I love my wife, but it’s not the simple, obvious love of those cards. It’s the love of someone who’s seen you at your absolute worst and stayed anyway. It’s the love of knowing exactly how someone takes their coffee and remembering to make it that way even when you’re barely awake.

Learning to speak again

I finally picked a card. Not because it was perfect, but because I’d been standing there so long that my back was starting to hurt.

When I gave it to my wife, she read it and smiled. Then she looked at me and said, “This is nice, but what I really want to know is what you’re thinking.”

So I told her about standing in the card aisle. About how the words all felt like they belonged to a younger version of me.
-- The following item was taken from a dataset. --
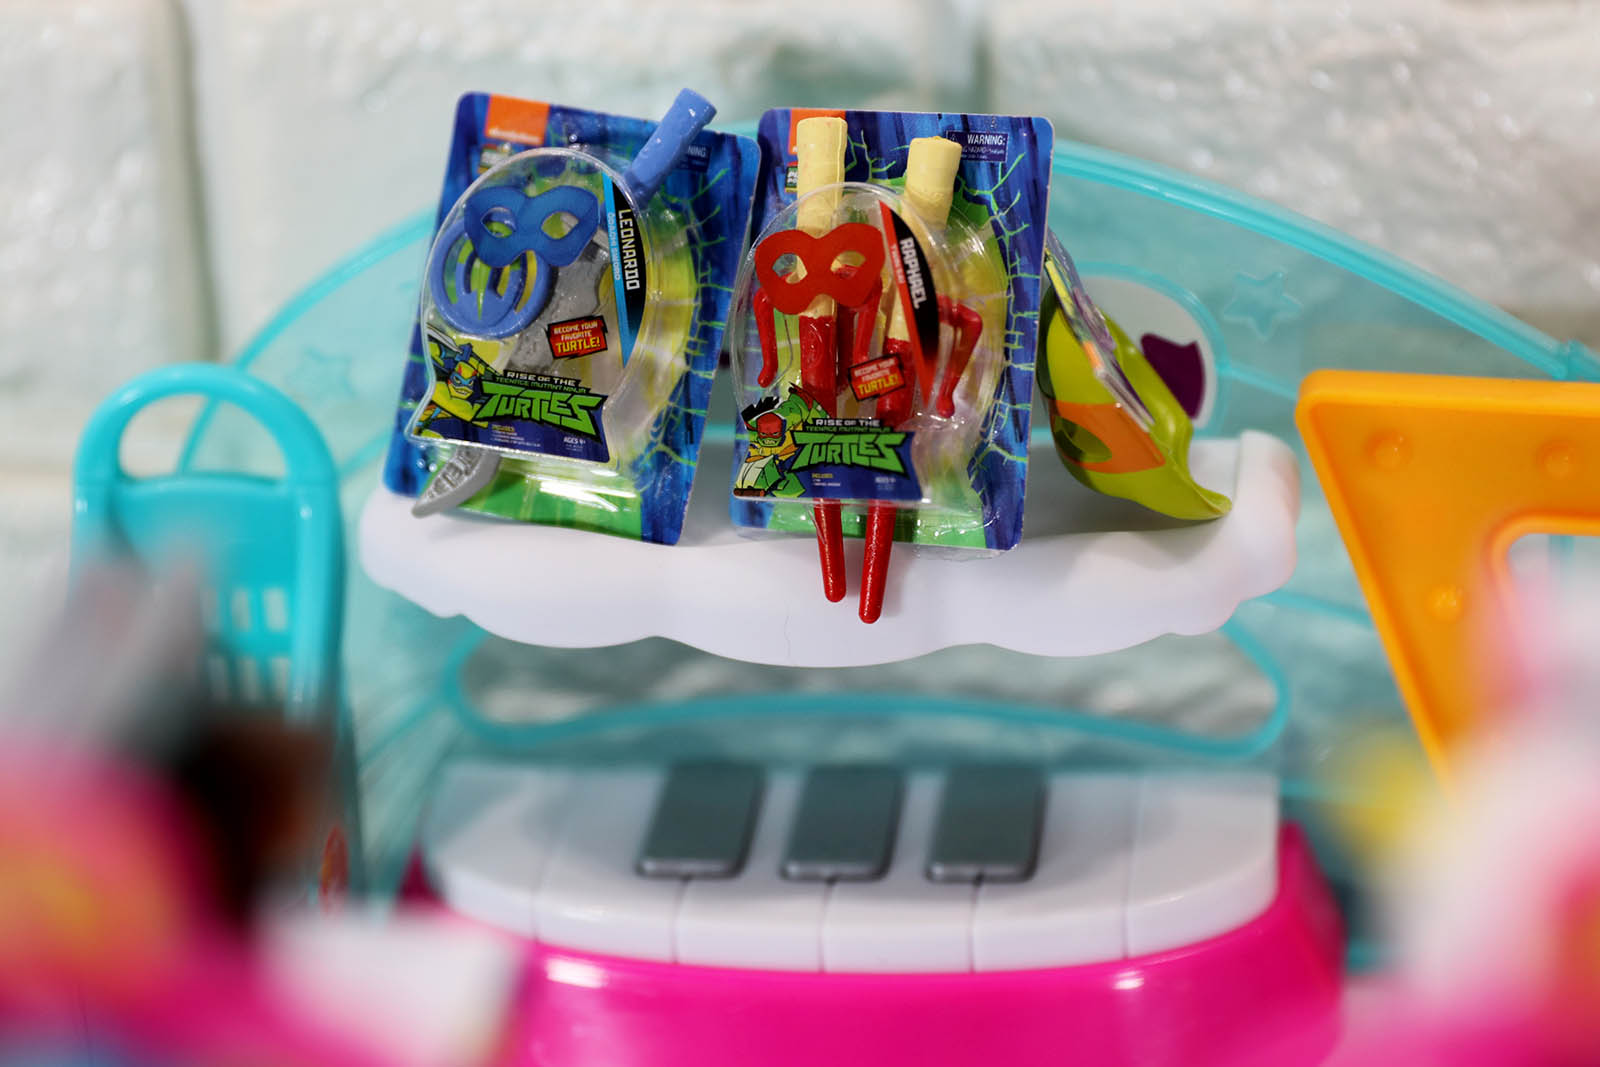 5 Surprise Toy Mini Brands Mini Toy Shop Playset by ZURU

About how I loved her but didn’t know how to say it anymore without it sounding hollow.

She laughed. Not mean, but understanding. “You think I need the fancy words?” she said. “After forty-six years?”

That’s when I realized I’d been trying to force myself back into an old way of talking instead of finding a new one. The cards were asking me to perform a version of love I’d outgrown.

What my wife wanted wasn’t poetry. She wanted truth. Even if that truth was messy and uncertain and took twenty-five minutes in a card aisle to figure out.

Bottom line

I’m sixty-six years old, and I’m still learning how to talk about love. The easy words of youth are gone, replaced by something more complicated but maybe more real.

Those birthday cards assume love is simple. That you can sum it up in a few rhyming lines. But after forty-six years, love isn’t simple. It’s showing up. It’s staying. It’s standing in a card aisle, struggling to find words that match what you actually feel instead of what you think you should feel.

The version of me who could say those flowery things without thinking is gone. In his place is someone who has to work at it. Who has to check if the words are true. Who takes twenty-five minutes to buy a card because he wants to get it right.

Maybe that’s not romantic. But it’s honest. And after all this time, I think honest is what matters.